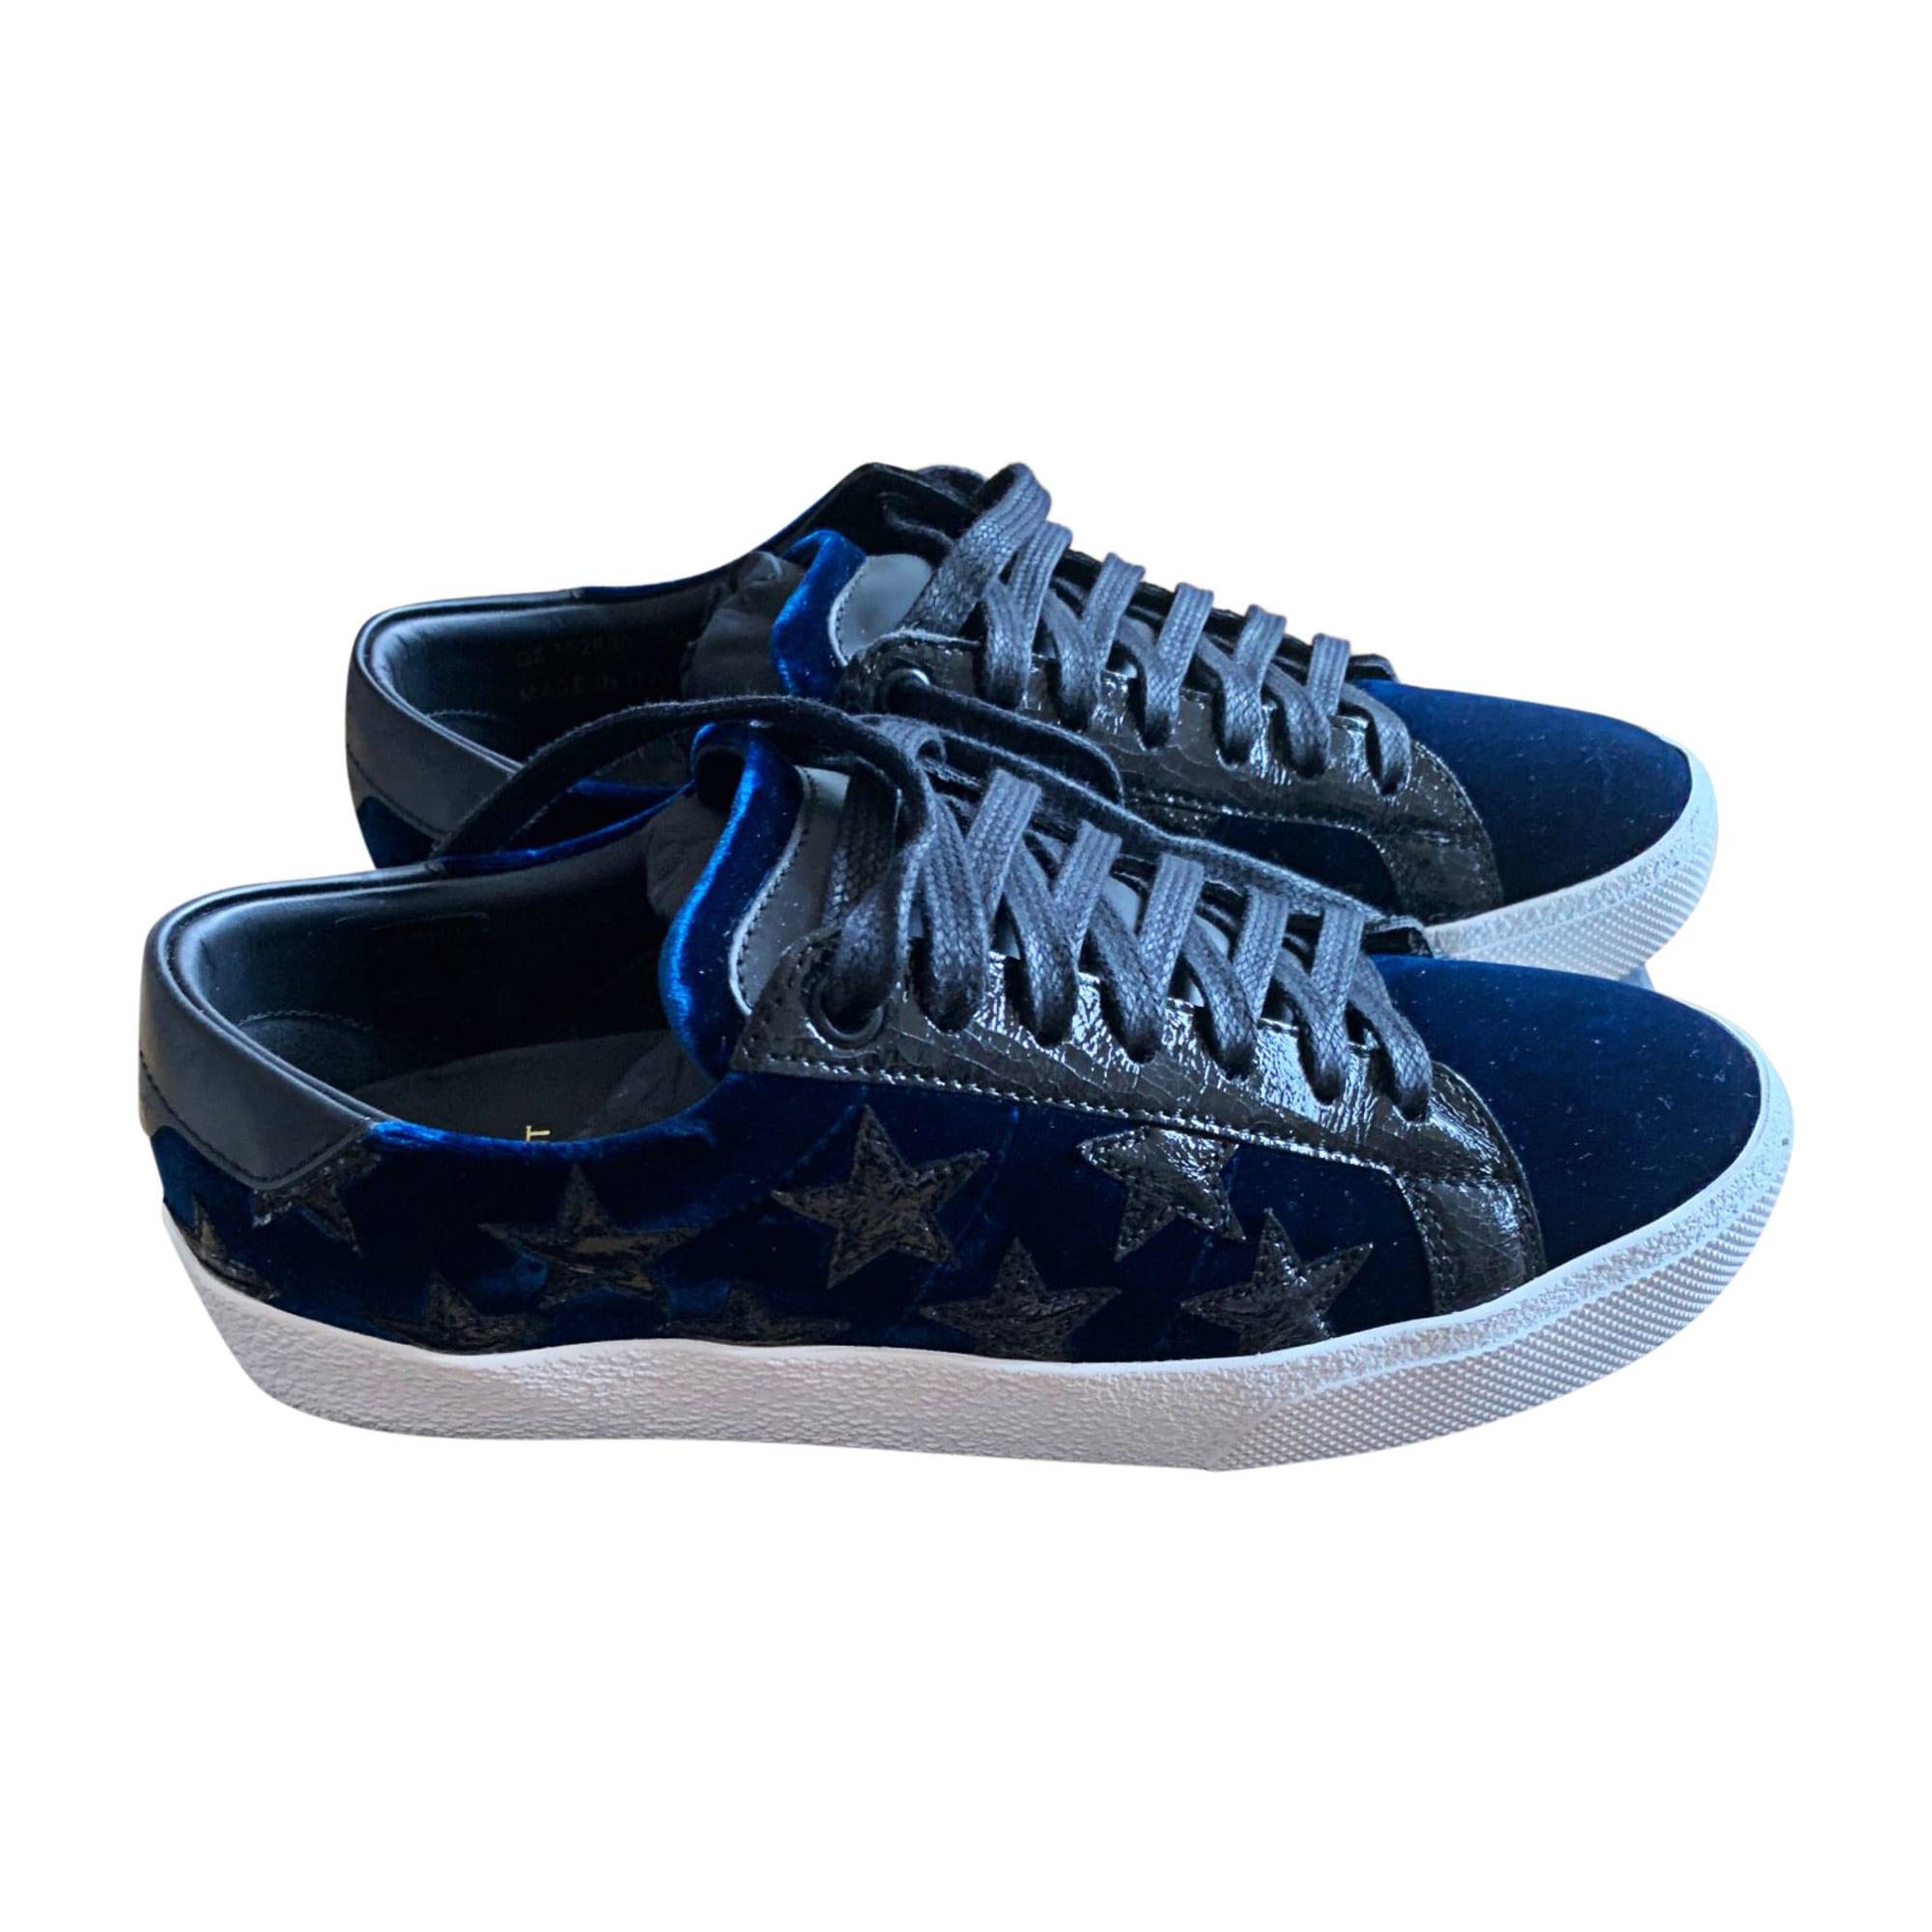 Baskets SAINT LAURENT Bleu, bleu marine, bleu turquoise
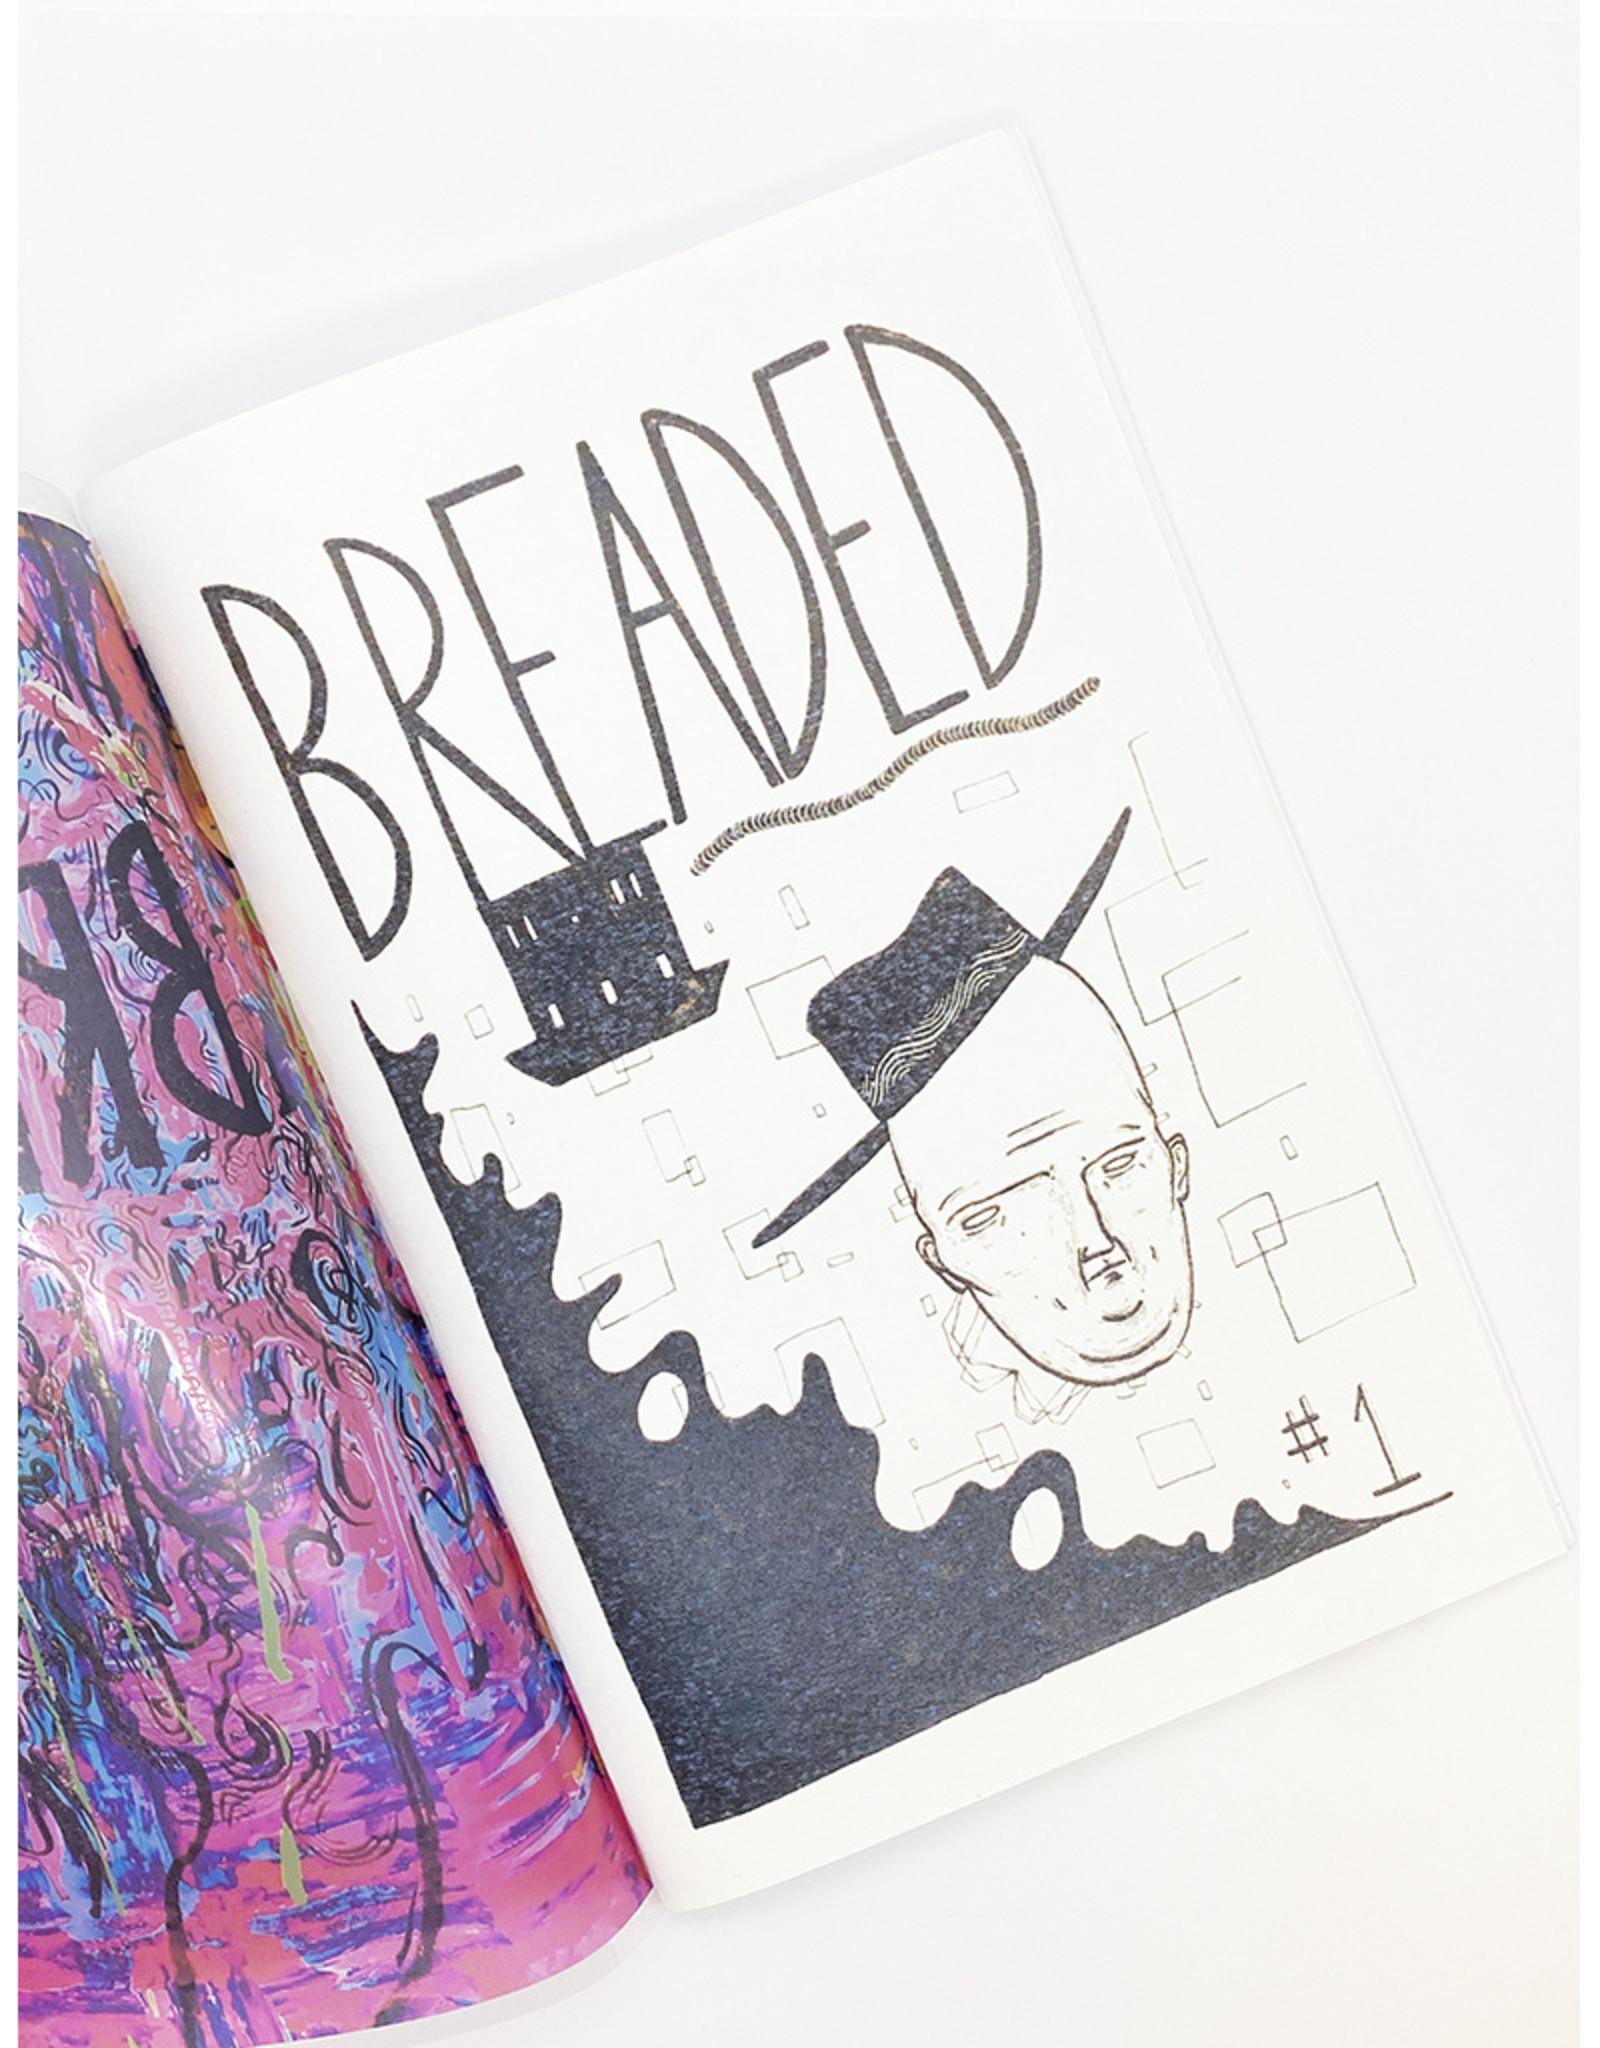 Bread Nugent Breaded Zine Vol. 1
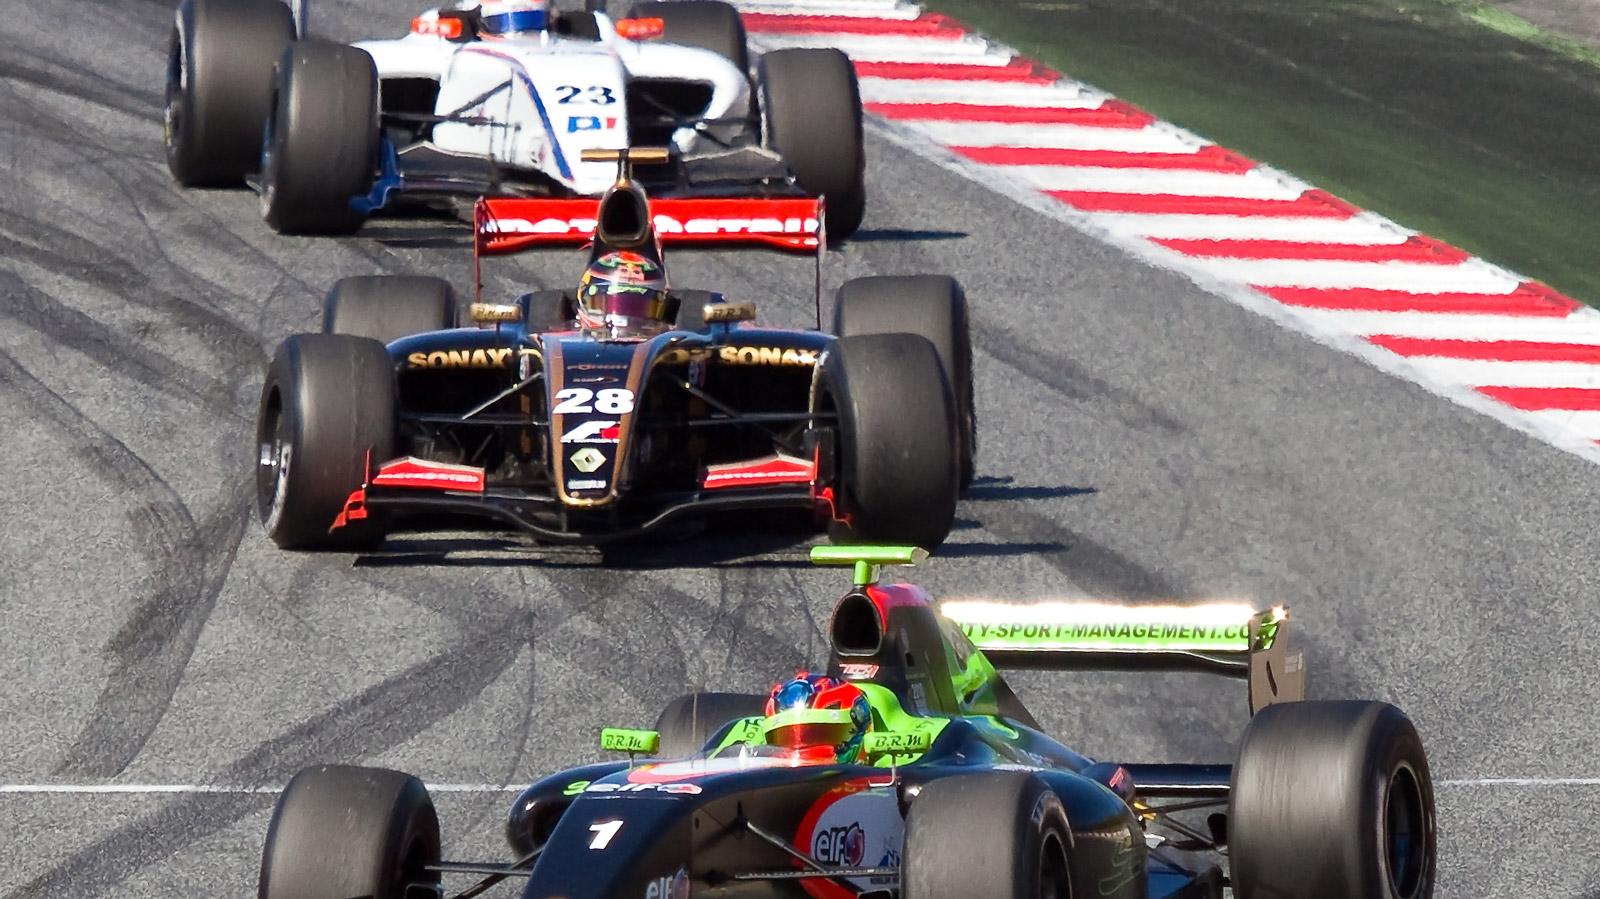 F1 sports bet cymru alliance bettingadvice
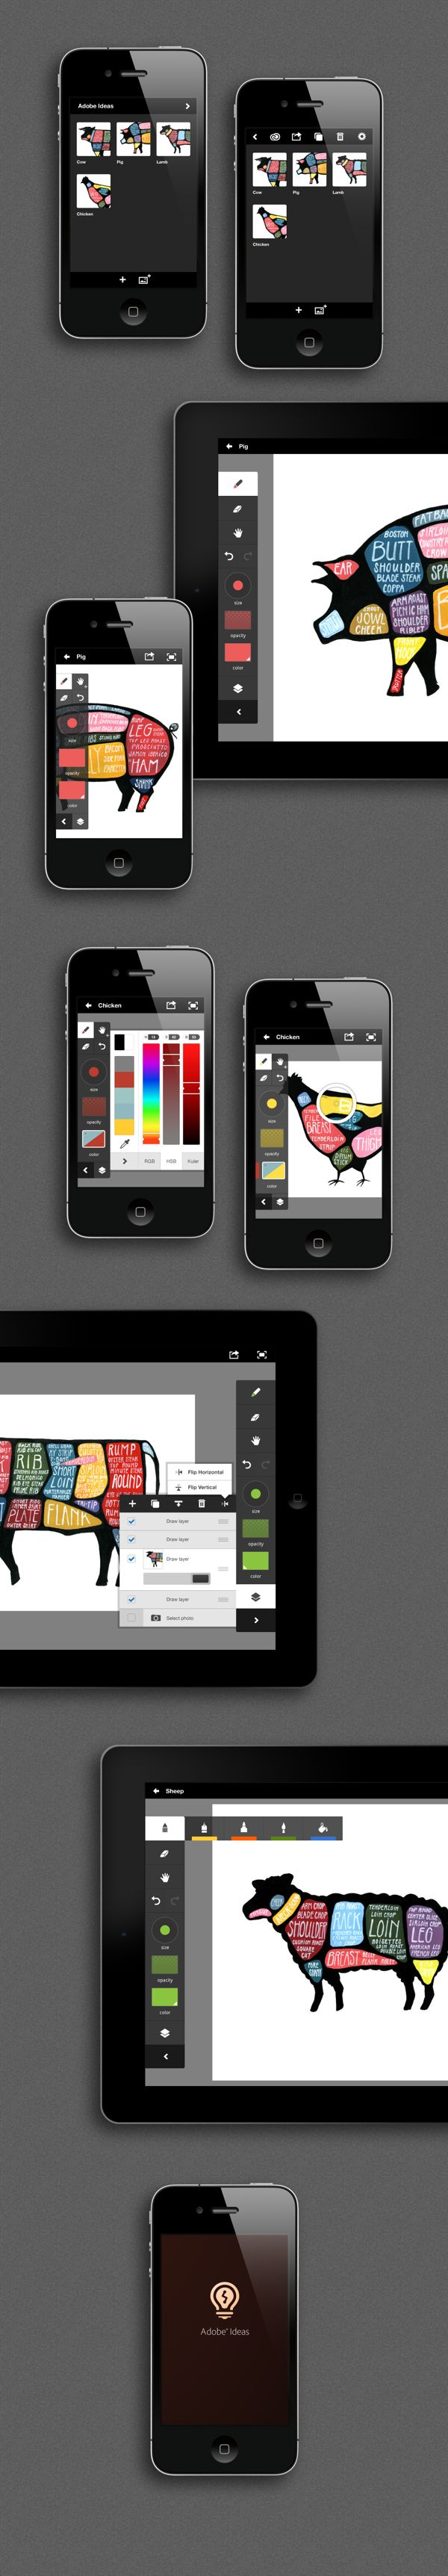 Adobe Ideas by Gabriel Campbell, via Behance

□ □ □ □

DIRECTIONS FOR THIS TASK
A verbatim copy of the material is needed; pictures are not to appear in it.

EXPECTED ANSWER
 Baskets SAINT LAURENT Bleu, bleu marine, bleu turquoise
 Bread Nugent Breaded Zine Vol. 1
 F1 sports bet cymru alliance bettingadvice
 Adobe Ideas by Gabriel Campbell, via Behance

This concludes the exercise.